Volvo Cars’ Chengdu car plant powered by 100% renewable electricity; 65% hydropower

The Volvo Cars manufacturing plant in Chengdu, the company’s largest in China, is now powered by 100 per cent renewable electricity, taking the company’s global renewable electricity mix in its manufacturing network to 80 per cent. The 100 per cent renewable electricity mix in Chengdu is the result of a newly signed supply contract and will reduce the plant’s CO2 emissions by more than 11,000 tonnes per year.

It is the latest concrete step towards Volvo Cars’ ambition to have climate-neutral manufacturing by 2025, part of a wider climate plan that aims to reduce the overall carbon footprint per car by 40 per cent between 2018 and 2025. By 2040, Volvo Cars aims to be a climate-neutral company.

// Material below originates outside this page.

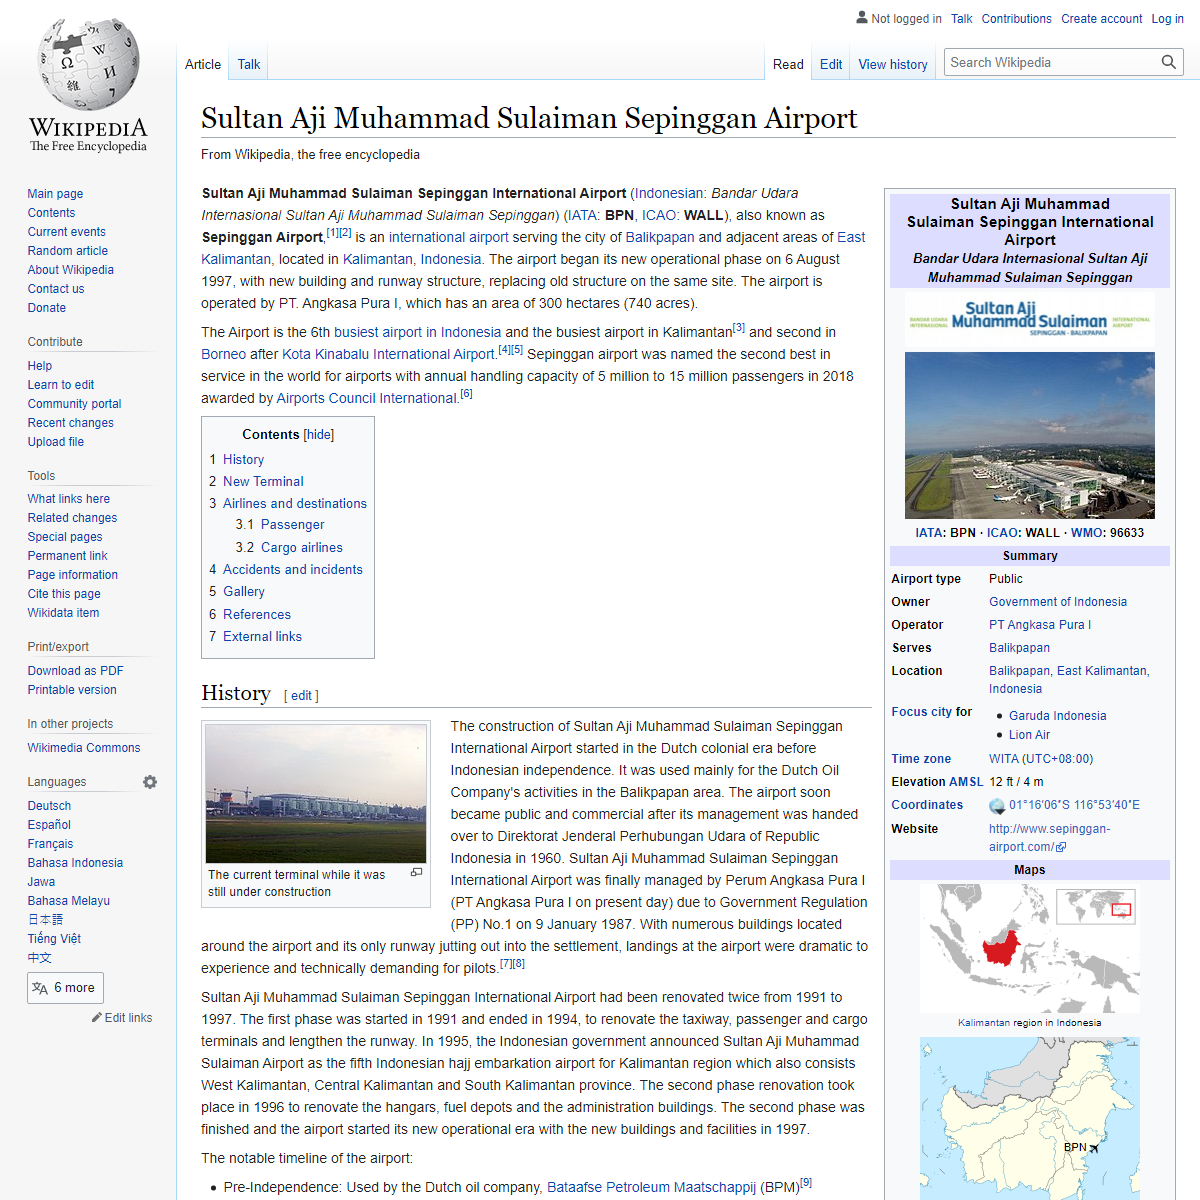 A complete backup of https://en.wikipedia.org/wiki/Sultan_Aji_Muhammad_Sulaiman_Sepinggan_Airport

The new electricity contract is also in line with broader ambitions in China to reduce carbon emissions from industry and reduce the carbon footprint resulting from energy generation.

Until recently, the Chengdu plant already sourced 70 per cent of its electricity from renewable sources. The new contract addresses the last 30 per cent.

Under the new contract, around 65 per cent of the electricity supply comes from hydropower, while the remainder comes from solar power, wind power and other renewable sources.

“Our ambition is to reduce our carbon footprint through concrete, tangible actions,” said Javier Varela, Head of Industrial Operations and Quality at Volvo Cars. “Securing a fully renewable electricity supply for our largest plant in China is a significant milestone and underlines our commitment to taking concrete, meaningful action.”

Volvo Cars is constantly working to reduce the carbon footprint of its manufacturing network and has reached a number of milestones in recent years. All its European plants have had a climate-neutral electricity supply since 2008, while the engine plant in Skövde, Sweden, was the first in the company’s network to become completely climate neutral in 2018.

At the Ghent plant in Belgium, Volvo Cars installed 15,000 solar panels in 2018, the first large-scale introduction of solar energy in its global manufacturing network.

These and other measures are part of the climate plan Volvo Cars launched late last year, one of the most ambitious in the automotive industry. The centrepiece of the plan is Volvo Cars’ ambition to generate 50 per cent of global sales from fully electric cars by 2025, with the rest hybrids.

Yet the plan goes beyond addressing tailpipe emissions through all-out electrification and also seeks to tackle carbon emissions in the company’s wider operations, its supply chain and through recycling and reuse of materials.